В консерватории Чайковский изучал комплекс дисциплин, необходимых для овладения профессией музыканта. Прежде всего, он продолжил занятия у Николая Зарембы. В его классе Чайковский изучал теорию композиции, предмет, включающий в себя такие дисциплины, как гармония, контрапункт, музыкальная форма и фуга. «Николай Иванович обладал многими из качеств, составляющих идеального профессора, – вспоминал Герман Ларош. – Он был чрезвычайно красноречив. Иногда, быть может, он впадал в некоторые излишества, но красноречие в нем не было пустою звонкою фразой: оно было отражением пламенной любви к искусству и к своему поприщу преподавания. <…> Обладая головою чрезвычайно логическою и, быть может, пользуясь плодами своего богословского образования, которое у него, как мне тогда казалось, было для дилетанта недурное, Заремба имел склонность и дар приводить всякое учение во внешний систематический порядок, сообщавший ему убедительность и красивость. Эта сторона его лекций мне нравилась чрезвычайно, и я не без удивления замечал, что на многих из моих товарищей она не производила никакого подкупающего действия. Молодые люди, готовившиеся в композиторы, капельмейстеры или преподаватели теории музыки (особенно если они, в отличие от Чайковского, обладали скудным общим образованием), прежде всего ждали от профессора не общей системы, не философских взглядов, а дельных практических указаний, как справиться с той или другой из бесчисленных трудностей, встречающихся при сочинении»[139].

В классе Зарембы Чайковский занимался с усердием, его трудолюбием и энергией восхищались друзья и однокашники. Сам же Петр рассказывал, что «первое время на курсах Михайловского дворца он занимался “кое-как, знаете, как настоящий любитель” и что однажды Заремба после класса отозвал его в сторону и стал увещать его относиться к делу серьезнее, между прочим говоря, что у него несомненный талант, и вообще выказывая неожиданно теплое к нему отношение. Тронутый до глубины души, Петр Ильич решил с этой минуты бросить свою лень и начал работать со рвением, которое так и не покидало его в течение всего консерваторского поприща»[140].

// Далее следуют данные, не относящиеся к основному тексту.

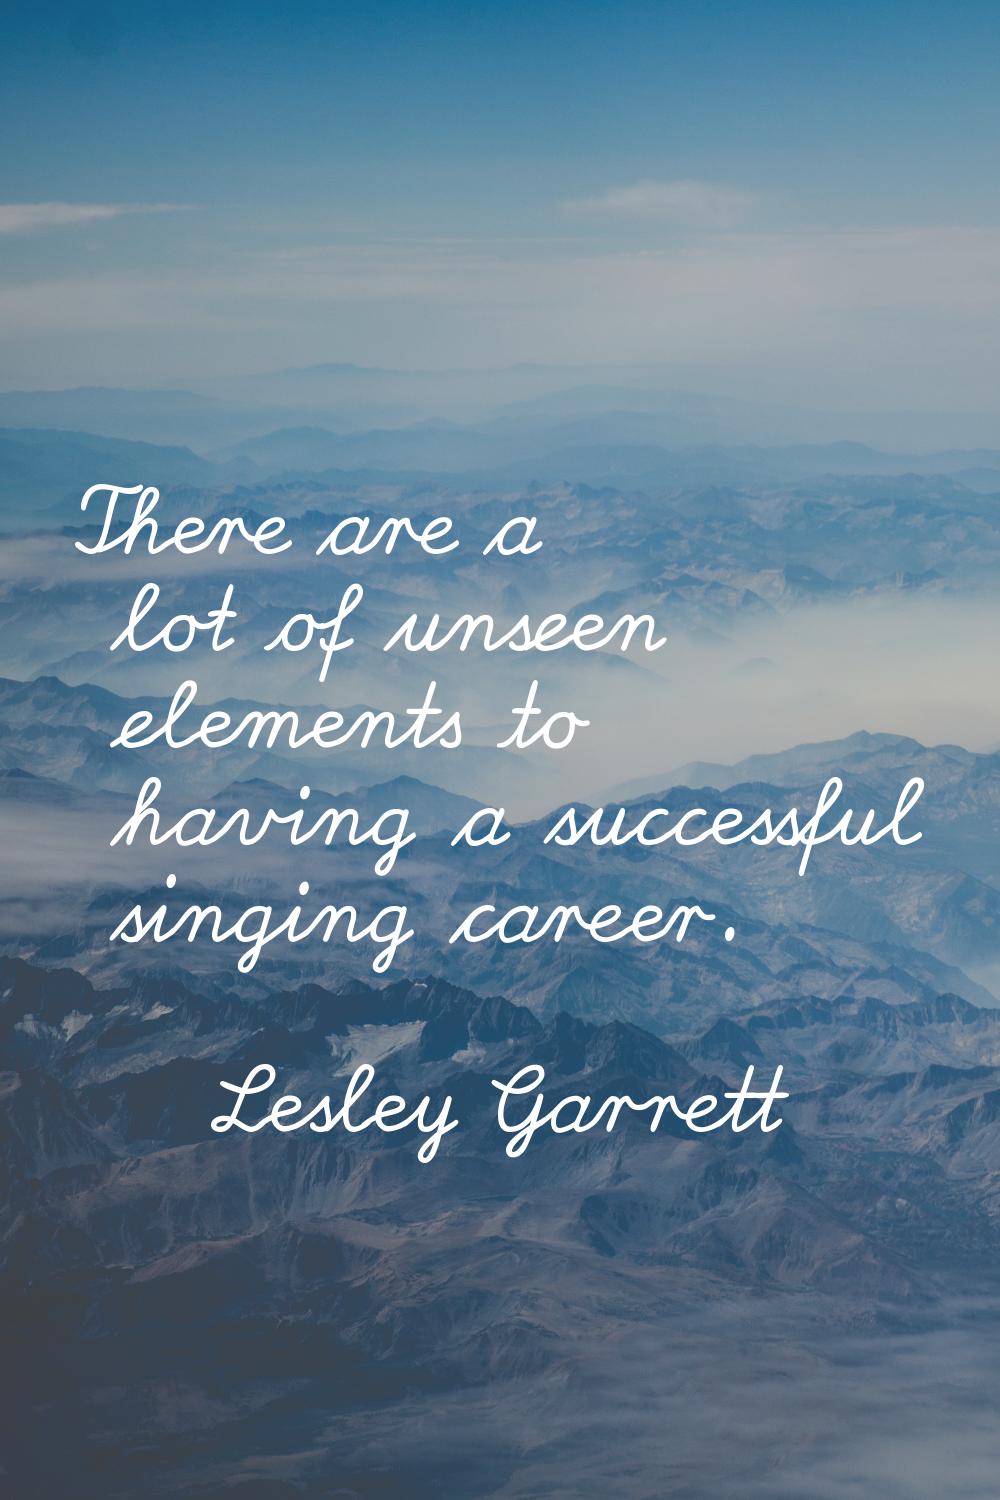 There are a lot of unseen elements to having a successful singing career.

Не менее важным человеком для Чайковского в консерватории был, разумеется, ее основатель – Антон Григорьевич Рубинштейн. Он преподавал инструментовку. Будучи уже прославленным музыкантом во всех своих ипостасях: концертирующего пианиста, дирижера и композитора, – он обладал сильнейшей харизмой и оказывал серьезное воздействие на своих учеников. Спустя годы Чайковский вспоминал: «В отношении инструментовки и свободной композиции мне отчасти давал наставления Антон Рубинштейн, и я могу только восхищаться его сугубо практическим способом преподавания этих предметов. Я испытывал к нему глубокое поклонение; и действительно, было весьма трудно избежать магического притяжения, которое этот гениальный художник и благородный, великодушный человек вызывал у всех, кто имел счастье приблизиться к нему. Со всей своей энергией он поощрял меня к моему призванию, что ему, однако, не мешало часто отчитывать меня за мои склонности к новому направлению и за мои попытки следовать по стопам Берлиоза и Вагнера»[141].

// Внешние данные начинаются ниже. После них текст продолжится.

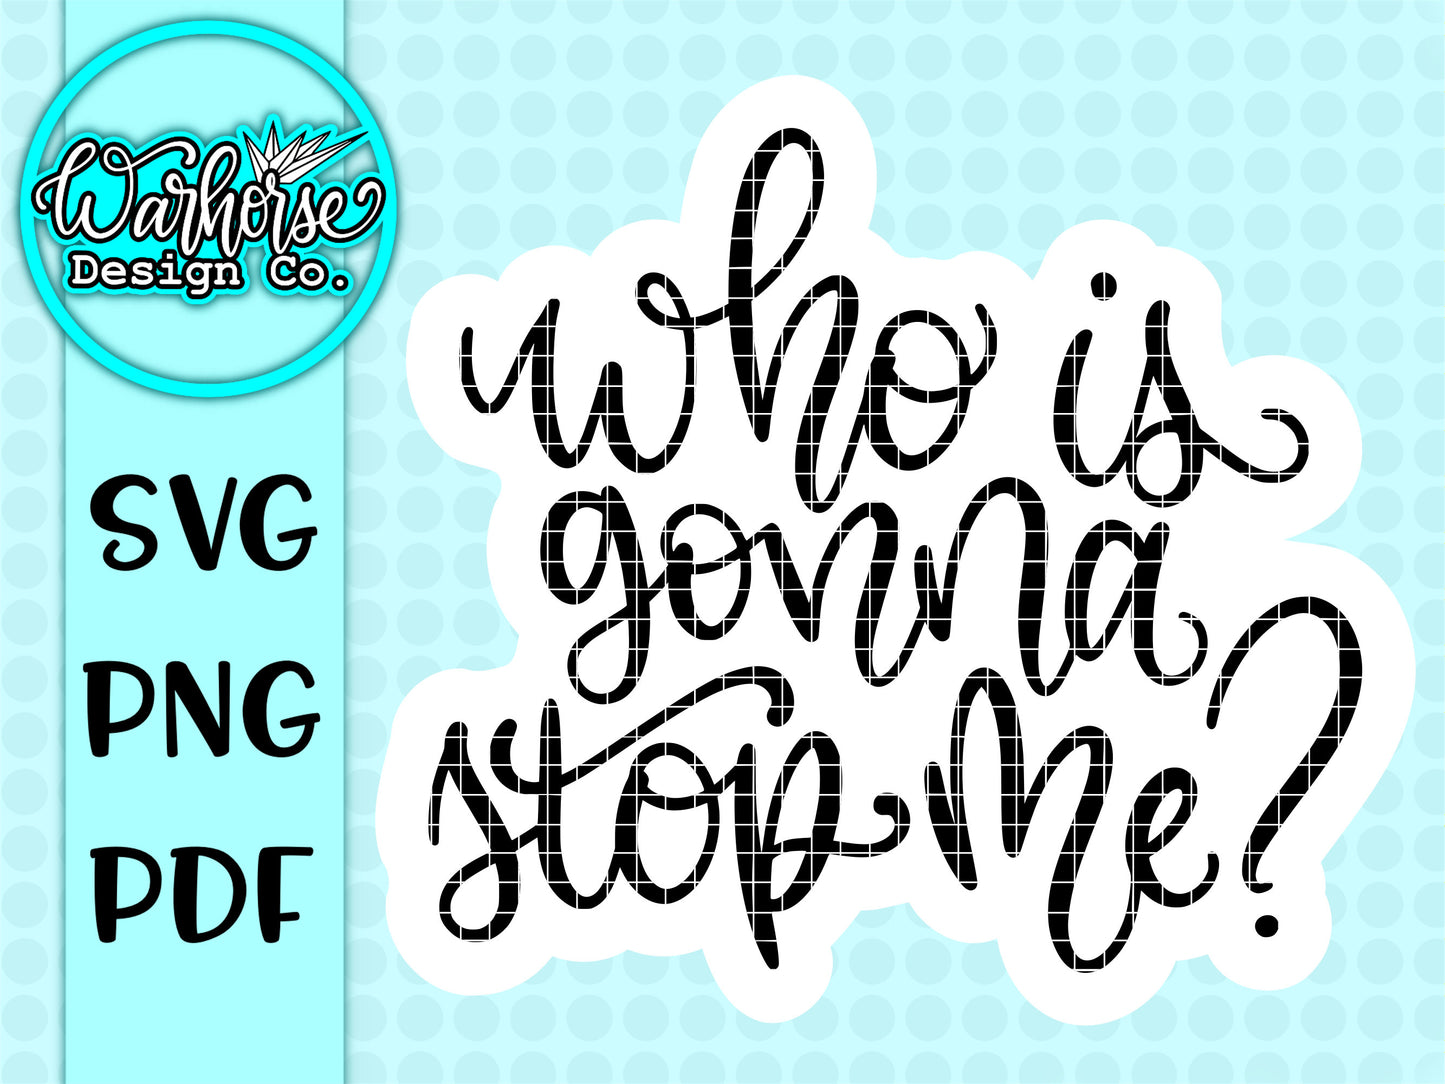 Who is gonna stop me SVG PNG PDF

Скорее, именно в классе Рубинштейна Чайковским были написаны дошедшие до нас его ученические работы. Это 14 сочинений для разных составов инструментов, а также ряд оркестровок первой части Сонаты № 9 Людвига ван Бетховена («Крейцеровой», соч. 47), фрагмента Второй фортепианной сонаты Карла Марии фон Вебера, двух заключительных частей Симфонических этюдов Роберта Шумана (соч. 13). Ларош вспоминал: «Задачи Антон Григорьевич задавал громадные, и… товарищи Чайковского по классу и не пытались выполнить их во всем объеме; только один он… “принимал их всерьез” и действительно, с понедельника на четверг или с четверга на понедельник оркестровал, например, целую вокальную сцену из речитатива и арии, или целый большой хор»[142].

Другой соученик Чайковского по консерватории, Александр Иванович Рубец, вспоминал, что задание на сочинение могло быть дано Рубинштейном, в частности, следующим образом: «Он читал стихотворение, а учащиеся должны были набрасывать тут же музыку для одного или нескольких голосов, кто как чувствовал и понимал. Сочинять надобно было в эскизах, а на следующий день работы должны были приноситься уже законченными и переписанными»[143].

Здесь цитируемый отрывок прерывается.